Retype all of the lines below with no changes.

**SUPPLIED RECORDS**
########################################
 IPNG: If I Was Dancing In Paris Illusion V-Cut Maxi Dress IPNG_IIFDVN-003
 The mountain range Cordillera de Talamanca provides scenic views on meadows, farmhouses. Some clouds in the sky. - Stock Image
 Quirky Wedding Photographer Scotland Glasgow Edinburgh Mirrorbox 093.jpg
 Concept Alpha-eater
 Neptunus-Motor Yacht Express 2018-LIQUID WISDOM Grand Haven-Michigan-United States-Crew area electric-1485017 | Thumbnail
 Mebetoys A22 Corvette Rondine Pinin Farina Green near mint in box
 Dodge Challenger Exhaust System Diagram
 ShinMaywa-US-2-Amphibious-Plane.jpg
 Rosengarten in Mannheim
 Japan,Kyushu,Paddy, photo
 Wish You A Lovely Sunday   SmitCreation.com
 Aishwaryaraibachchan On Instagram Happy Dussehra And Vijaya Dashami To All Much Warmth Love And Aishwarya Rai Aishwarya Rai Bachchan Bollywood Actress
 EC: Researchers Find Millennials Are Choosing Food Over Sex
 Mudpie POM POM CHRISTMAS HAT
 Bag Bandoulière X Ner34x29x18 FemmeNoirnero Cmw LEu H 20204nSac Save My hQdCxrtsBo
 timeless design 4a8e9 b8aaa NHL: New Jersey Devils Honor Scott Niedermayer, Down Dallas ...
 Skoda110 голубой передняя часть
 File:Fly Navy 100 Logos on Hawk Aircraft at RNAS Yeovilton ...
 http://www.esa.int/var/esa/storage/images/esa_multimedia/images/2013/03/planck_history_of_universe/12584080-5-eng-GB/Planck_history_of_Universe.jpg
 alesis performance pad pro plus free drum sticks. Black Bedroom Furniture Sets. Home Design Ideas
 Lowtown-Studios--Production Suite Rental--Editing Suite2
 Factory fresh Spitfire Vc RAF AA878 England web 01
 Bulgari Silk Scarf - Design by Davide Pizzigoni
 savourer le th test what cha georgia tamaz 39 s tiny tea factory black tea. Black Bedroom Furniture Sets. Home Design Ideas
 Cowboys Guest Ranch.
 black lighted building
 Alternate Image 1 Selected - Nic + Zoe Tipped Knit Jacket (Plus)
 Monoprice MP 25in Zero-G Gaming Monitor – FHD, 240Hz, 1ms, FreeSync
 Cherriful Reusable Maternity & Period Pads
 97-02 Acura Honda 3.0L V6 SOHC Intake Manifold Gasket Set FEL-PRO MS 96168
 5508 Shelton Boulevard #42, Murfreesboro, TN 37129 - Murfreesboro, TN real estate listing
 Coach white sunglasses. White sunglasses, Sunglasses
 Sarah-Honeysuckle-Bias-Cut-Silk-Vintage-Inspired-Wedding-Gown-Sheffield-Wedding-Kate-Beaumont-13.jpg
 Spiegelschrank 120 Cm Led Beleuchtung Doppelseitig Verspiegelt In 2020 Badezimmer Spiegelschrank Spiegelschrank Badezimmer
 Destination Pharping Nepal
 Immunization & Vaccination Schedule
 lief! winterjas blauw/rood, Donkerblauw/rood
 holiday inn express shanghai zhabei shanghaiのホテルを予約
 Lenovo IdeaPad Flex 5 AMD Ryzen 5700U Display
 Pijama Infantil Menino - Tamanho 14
########################################
**RESPONSE**
 IPNG: If I Was Dancing In Paris Illusion V-Cut Maxi Dress IPNG_IIFDVN-003
 The mountain range Cordillera de Talamanca provides scenic views on meadows, farmhouses. Some clouds in the sky. - Stock Image
 Quirky Wedding Photographer Scotland Glasgow Edinburgh Mirrorbox 093.jpg
 Concept Alpha-eater
 Neptunus-Motor Yacht Express 2018-LIQUID WISDOM Grand Haven-Michigan-United States-Crew area electric-1485017 | Thumbnail
 Mebetoys A22 Corvette Rondine Pinin Farina Green near mint in box
 Dodge Challenger Exhaust System Diagram
 ShinMaywa-US-2-Amphibious-Plane.jpg
 Rosengarten in Mannheim
 Japan,Kyushu,Paddy, photo
 Wish You A Lovely Sunday   SmitCreation.com
 Aishwaryaraibachchan On Instagram Happy Dussehra And Vijaya Dashami To All Much Warmth Love And Aishwarya Rai Aishwarya Rai Bachchan Bollywood Actress
 EC: Researchers Find Millennials Are Choosing Food Over Sex
 Mudpie POM POM CHRISTMAS HAT
 Bag Bandoulière X Ner34x29x18 FemmeNoirnero Cmw LEu H 20204nSac Save My hQdCxrtsBo
 timeless design 4a8e9 b8aaa NHL: New Jersey Devils Honor Scott Niedermayer, Down Dallas ...
 Skoda110 голубой передняя часть
 File:Fly Navy 100 Logos on Hawk Aircraft at RNAS Yeovilton ...
 http://www.esa.int/var/esa/storage/images/esa_multimedia/images/2013/03/planck_history_of_universe/12584080-5-eng-GB/Planck_history_of_Universe.jpg
 alesis performance pad pro plus free drum sticks. Black Bedroom Furniture Sets. Home Design Ideas
 Lowtown-Studios--Production Suite Rental--Editing Suite2
 Factory fresh Spitfire Vc RAF AA878 England web 01
 Bulgari Silk Scarf - Design by Davide Pizzigoni
 savourer le th test what cha georgia tamaz 39 s tiny tea factory black tea. Black Bedroom Furniture Sets. Home Design Ideas
 Cowboys Guest Ranch.
 black lighted building
 Alternate Image 1 Selected - Nic + Zoe Tipped Knit Jacket (Plus)
 Monoprice MP 25in Zero-G Gaming Monitor – FHD, 240Hz, 1ms, FreeSync
 Cherriful Reusable Maternity & Period Pads
 97-02 Acura Honda 3.0L V6 SOHC Intake Manifold Gasket Set FEL-PRO MS 96168
 5508 Shelton Boulevard #42, Murfreesboro, TN 37129 - Murfreesboro, TN real estate listing
 Coach white sunglasses. White sunglasses, Sunglasses
 Sarah-Honeysuckle-Bias-Cut-Silk-Vintage-Inspired-Wedding-Gown-Sheffield-Wedding-Kate-Beaumont-13.jpg
 Spiegelschrank 120 Cm Led Beleuchtung Doppelseitig Verspiegelt In 2020 Badezimmer Spiegelschrank Spiegelschrank Badezimmer
 Destination Pharping Nepal
 Immunization & Vaccination Schedule
 lief! winterjas blauw/rood, Donkerblauw/rood
 holiday inn express shanghai zhabei shanghaiのホテルを予約
 Lenovo IdeaPad Flex 5 AMD Ryzen 5700U Display
 Pijama Infantil Menino - Tamanho 14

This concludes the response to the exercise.